I feel like I'm missing the big picture when people start talking about question-and-answer sites. The concept has been touted as one of the major players in Web 2.0, alongside social networks and blogs--but honestly, I'm baffled as to why.
Granted, Yahoo! Answers is probably the most successful Yahoo! site created in-house (read: not a third-party snapped up by the company) over the past few years, but I interpret that as a reflection of the ways in which the company's other brands have failed to live up to expectations.
Both Google and Amazon have tested the waters, with Google Answers and Askville, and now AOL has picked acquired Yedda, a Tel Aviv-based site that operates in a very similar way.
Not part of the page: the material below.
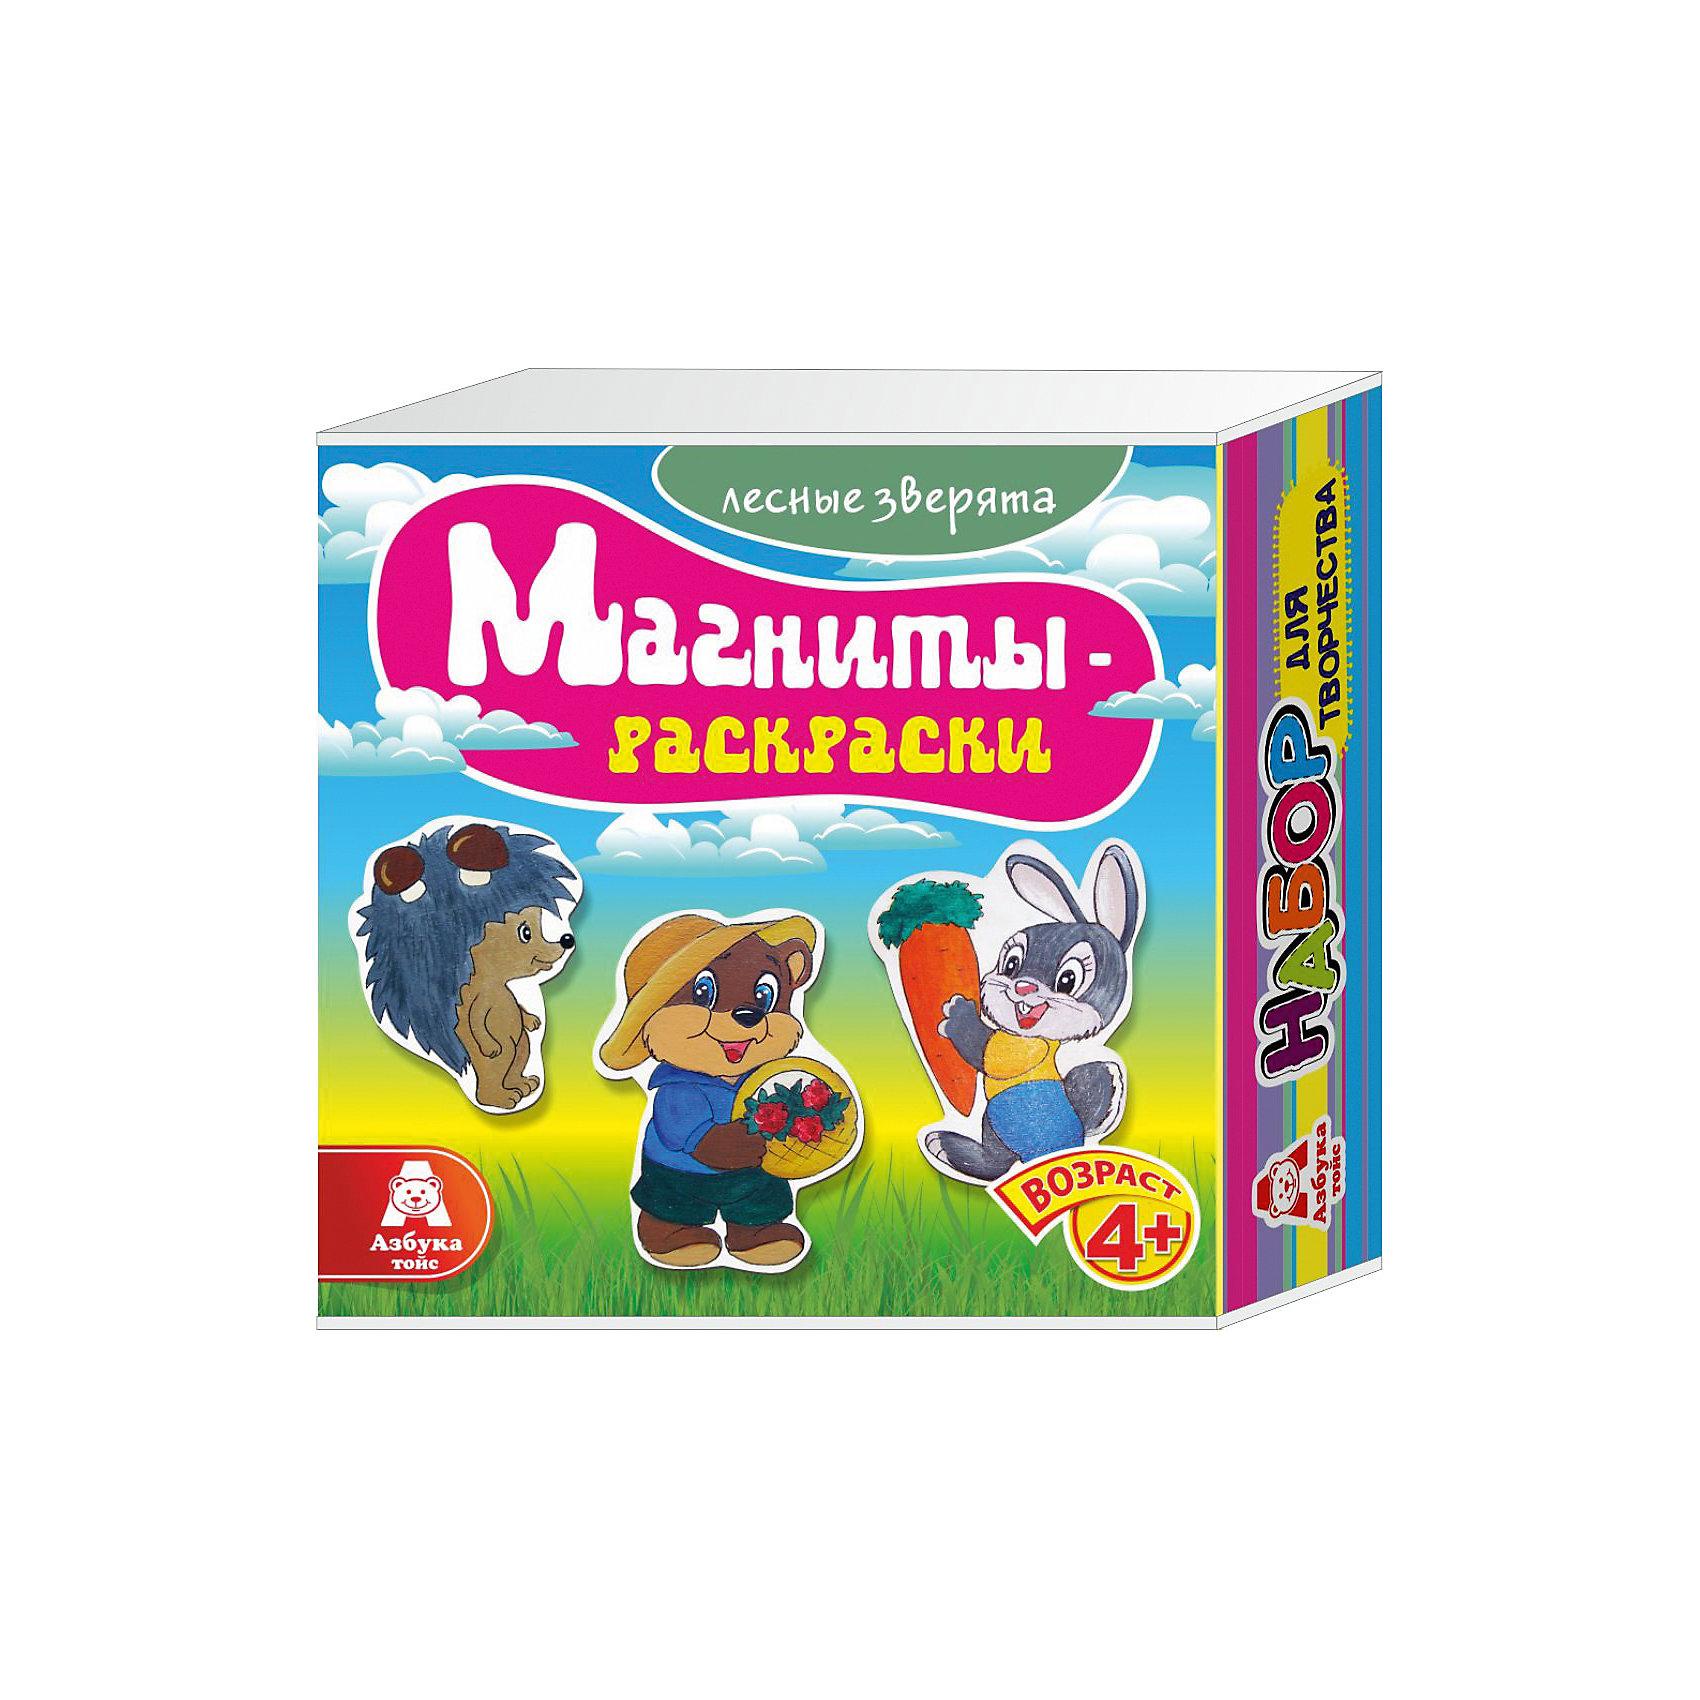 Азбука Тойс Магниты-раскраски Лесные зверята азбука тойс магниты раскраски лесные зверята
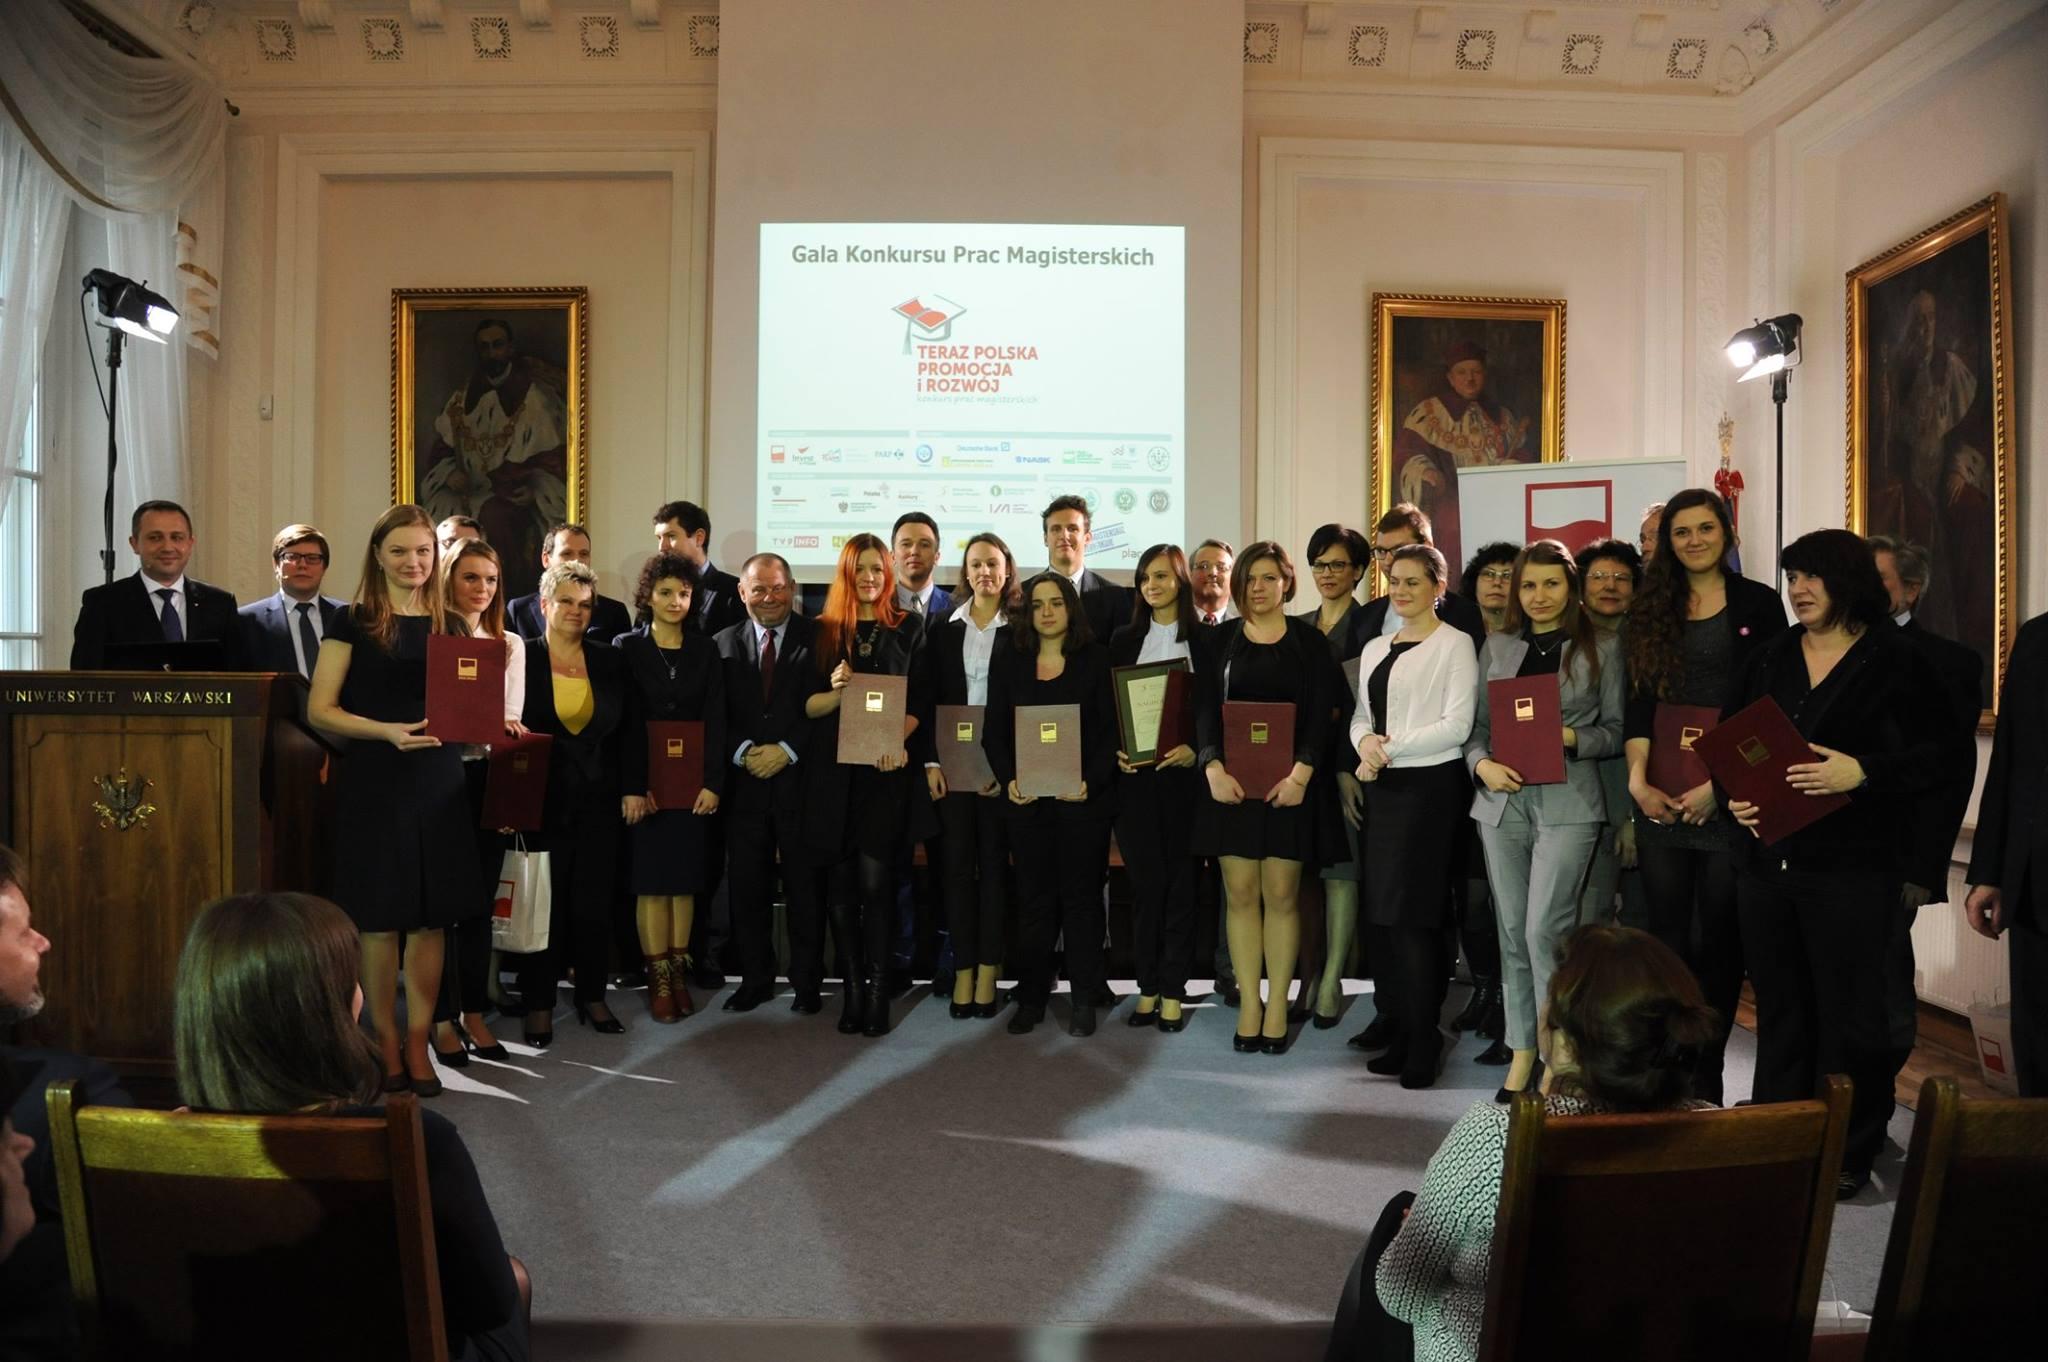 Gala Konkursu Prac Magisterskich

The site describes itself as "a leading semantic social search Questions and Answer service." I played around with it this morning, and really, it feels a lot like "Yahoo! Answers," only with a clunkier UI.
"Incorporating Yedda's unique technology into AOL enables us to bring together our traditional search resources and an entire community of people to help users quickly find answers to questions," said AOL's president and COO, Ron Grant, in a release this morning. AOL is likely going to borrow bits and pieces of Yedda's technology and bring them into existing properties, rather than relaunching and rebranding the Israeli site as AOL Answers or something similar.
Either way, my first question for Yedda's users is this: Is this space really as exciting as the major Web players seem to think it is?